Input data =
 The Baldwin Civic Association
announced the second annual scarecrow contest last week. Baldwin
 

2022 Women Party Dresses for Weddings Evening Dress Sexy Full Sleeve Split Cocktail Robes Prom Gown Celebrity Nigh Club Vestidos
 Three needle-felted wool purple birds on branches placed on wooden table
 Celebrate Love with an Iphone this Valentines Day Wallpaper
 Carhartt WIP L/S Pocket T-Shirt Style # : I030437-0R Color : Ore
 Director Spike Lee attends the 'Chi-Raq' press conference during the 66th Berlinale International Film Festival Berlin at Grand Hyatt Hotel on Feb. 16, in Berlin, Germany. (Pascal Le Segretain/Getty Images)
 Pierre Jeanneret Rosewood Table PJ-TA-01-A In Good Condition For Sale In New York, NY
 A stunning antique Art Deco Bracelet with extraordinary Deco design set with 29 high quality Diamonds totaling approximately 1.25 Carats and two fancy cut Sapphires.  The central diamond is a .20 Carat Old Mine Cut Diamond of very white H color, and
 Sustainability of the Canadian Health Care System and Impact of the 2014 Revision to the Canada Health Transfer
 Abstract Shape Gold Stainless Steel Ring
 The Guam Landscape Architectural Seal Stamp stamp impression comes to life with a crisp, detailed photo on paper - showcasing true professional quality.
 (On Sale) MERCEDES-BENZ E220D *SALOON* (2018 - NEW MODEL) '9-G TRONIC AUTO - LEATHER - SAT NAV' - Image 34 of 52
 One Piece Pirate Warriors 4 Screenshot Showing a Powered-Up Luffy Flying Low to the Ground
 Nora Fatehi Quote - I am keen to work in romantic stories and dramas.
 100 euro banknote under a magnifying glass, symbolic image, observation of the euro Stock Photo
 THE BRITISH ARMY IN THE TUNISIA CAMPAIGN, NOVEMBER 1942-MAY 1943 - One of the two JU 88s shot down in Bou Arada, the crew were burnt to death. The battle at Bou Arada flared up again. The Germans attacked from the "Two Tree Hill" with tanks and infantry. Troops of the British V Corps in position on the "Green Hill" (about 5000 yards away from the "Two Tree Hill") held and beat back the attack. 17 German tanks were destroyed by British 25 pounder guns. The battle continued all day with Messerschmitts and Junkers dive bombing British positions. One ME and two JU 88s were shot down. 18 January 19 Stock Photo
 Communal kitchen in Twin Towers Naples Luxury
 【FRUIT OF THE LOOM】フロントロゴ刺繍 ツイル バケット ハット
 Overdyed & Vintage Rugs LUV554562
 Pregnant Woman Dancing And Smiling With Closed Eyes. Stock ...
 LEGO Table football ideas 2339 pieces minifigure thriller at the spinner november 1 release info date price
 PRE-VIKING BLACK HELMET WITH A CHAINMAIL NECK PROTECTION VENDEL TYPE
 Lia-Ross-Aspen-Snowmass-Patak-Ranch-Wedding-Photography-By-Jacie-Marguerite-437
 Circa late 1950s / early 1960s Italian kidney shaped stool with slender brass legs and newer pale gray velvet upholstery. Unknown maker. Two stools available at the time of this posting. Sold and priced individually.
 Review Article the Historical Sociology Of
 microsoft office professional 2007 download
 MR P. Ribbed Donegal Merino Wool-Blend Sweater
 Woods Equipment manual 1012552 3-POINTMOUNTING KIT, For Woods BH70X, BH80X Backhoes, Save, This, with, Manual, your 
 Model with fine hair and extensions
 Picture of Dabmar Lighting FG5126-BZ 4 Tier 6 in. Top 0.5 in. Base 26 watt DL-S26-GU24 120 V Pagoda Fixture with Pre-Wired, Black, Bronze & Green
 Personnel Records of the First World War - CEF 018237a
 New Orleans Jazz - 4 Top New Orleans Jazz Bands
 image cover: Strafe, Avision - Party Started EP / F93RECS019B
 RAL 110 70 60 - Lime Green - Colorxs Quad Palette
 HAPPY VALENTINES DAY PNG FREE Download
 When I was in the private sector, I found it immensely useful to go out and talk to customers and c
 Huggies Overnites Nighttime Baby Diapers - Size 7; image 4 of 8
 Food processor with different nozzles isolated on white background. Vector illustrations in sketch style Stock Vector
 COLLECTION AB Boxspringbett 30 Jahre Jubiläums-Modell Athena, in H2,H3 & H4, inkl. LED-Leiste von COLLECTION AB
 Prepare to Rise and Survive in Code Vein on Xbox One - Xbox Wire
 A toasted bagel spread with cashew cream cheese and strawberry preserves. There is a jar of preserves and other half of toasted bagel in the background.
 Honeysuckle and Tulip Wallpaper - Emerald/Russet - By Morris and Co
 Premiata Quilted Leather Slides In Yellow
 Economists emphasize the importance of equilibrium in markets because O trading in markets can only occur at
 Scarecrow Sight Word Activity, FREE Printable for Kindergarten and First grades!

Your task = Could you reproduce every record above exactly as it appears?

Solution =
 The Baldwin Civic Association
announced the second annual scarecrow contest last week. Baldwin
 

2022 Women Party Dresses for Weddings Evening Dress Sexy Full Sleeve Split Cocktail Robes Prom Gown Celebrity Nigh Club Vestidos
 Three needle-felted wool purple birds on branches placed on wooden table
 Celebrate Love with an Iphone this Valentines Day Wallpaper
 Carhartt WIP L/S Pocket T-Shirt Style # : I030437-0R Color : Ore
 Director Spike Lee attends the 'Chi-Raq' press conference during the 66th Berlinale International Film Festival Berlin at Grand Hyatt Hotel on Feb. 16, in Berlin, Germany. (Pascal Le Segretain/Getty Images)
 Pierre Jeanneret Rosewood Table PJ-TA-01-A In Good Condition For Sale In New York, NY
 A stunning antique Art Deco Bracelet with extraordinary Deco design set with 29 high quality Diamonds totaling approximately 1.25 Carats and two fancy cut Sapphires.  The central diamond is a .20 Carat Old Mine Cut Diamond of very white H color, and
 Sustainability of the Canadian Health Care System and Impact of the 2014 Revision to the Canada Health Transfer
 Abstract Shape Gold Stainless Steel Ring
 The Guam Landscape Architectural Seal Stamp stamp impression comes to life with a crisp, detailed photo on paper - showcasing true professional quality.
 (On Sale) MERCEDES-BENZ E220D *SALOON* (2018 - NEW MODEL) '9-G TRONIC AUTO - LEATHER - SAT NAV' - Image 34 of 52
 One Piece Pirate Warriors 4 Screenshot Showing a Powered-Up Luffy Flying Low to the Ground
 Nora Fatehi Quote - I am keen to work in romantic stories and dramas.
 100 euro banknote under a magnifying glass, symbolic image, observation of the euro Stock Photo
 THE BRITISH ARMY IN THE TUNISIA CAMPAIGN, NOVEMBER 1942-MAY 1943 - One of the two JU 88s shot down in Bou Arada, the crew were burnt to death. The battle at Bou Arada flared up again. The Germans attacked from the "Two Tree Hill" with tanks and infantry. Troops of the British V Corps in position on the "Green Hill" (about 5000 yards away from the "Two Tree Hill") held and beat back the attack. 17 German tanks were destroyed by British 25 pounder guns. The battle continued all day with Messerschmitts and Junkers dive bombing British positions. One ME and two JU 88s were shot down. 18 January 19 Stock Photo
 Communal kitchen in Twin Towers Naples Luxury
 【FRUIT OF THE LOOM】フロントロゴ刺繍 ツイル バケット ハット
 Overdyed & Vintage Rugs LUV554562
 Pregnant Woman Dancing And Smiling With Closed Eyes. Stock ...
 LEGO Table football ideas 2339 pieces minifigure thriller at the spinner november 1 release info date price
 PRE-VIKING BLACK HELMET WITH A CHAINMAIL NECK PROTECTION VENDEL TYPE
 Lia-Ross-Aspen-Snowmass-Patak-Ranch-Wedding-Photography-By-Jacie-Marguerite-437
 Circa late 1950s / early 1960s Italian kidney shaped stool with slender brass legs and newer pale gray velvet upholstery. Unknown maker. Two stools available at the time of this posting. Sold and priced individually.
 Review Article the Historical Sociology Of
 microsoft office professional 2007 download
 MR P. Ribbed Donegal Merino Wool-Blend Sweater
 Woods Equipment manual 1012552 3-POINTMOUNTING KIT, For Woods BH70X, BH80X Backhoes, Save, This, with, Manual, your 
 Model with fine hair and extensions
 Picture of Dabmar Lighting FG5126-BZ 4 Tier 6 in. Top 0.5 in. Base 26 watt DL-S26-GU24 120 V Pagoda Fixture with Pre-Wired, Black, Bronze & Green
 Personnel Records of the First World War - CEF 018237a
 New Orleans Jazz - 4 Top New Orleans Jazz Bands
 image cover: Strafe, Avision - Party Started EP / F93RECS019B
 RAL 110 70 60 - Lime Green - Colorxs Quad Palette
 HAPPY VALENTINES DAY PNG FREE Download
 When I was in the private sector, I found it immensely useful to go out and talk to customers and c
 Huggies Overnites Nighttime Baby Diapers - Size 7; image 4 of 8
 Food processor with different nozzles isolated on white background. Vector illustrations in sketch style Stock Vector
 COLLECTION AB Boxspringbett 30 Jahre Jubiläums-Modell Athena, in H2,H3 & H4, inkl. LED-Leiste von COLLECTION AB
 Prepare to Rise and Survive in Code Vein on Xbox One - Xbox Wire
 A toasted bagel spread with cashew cream cheese and strawberry preserves. There is a jar of preserves and other half of toasted bagel in the background.
 Honeysuckle and Tulip Wallpaper - Emerald/Russet - By Morris and Co
 Premiata Quilted Leather Slides In Yellow
 Economists emphasize the importance of equilibrium in markets because O trading in markets can only occur at
 Scarecrow Sight Word Activity, FREE Printable for Kindergarten and First grades!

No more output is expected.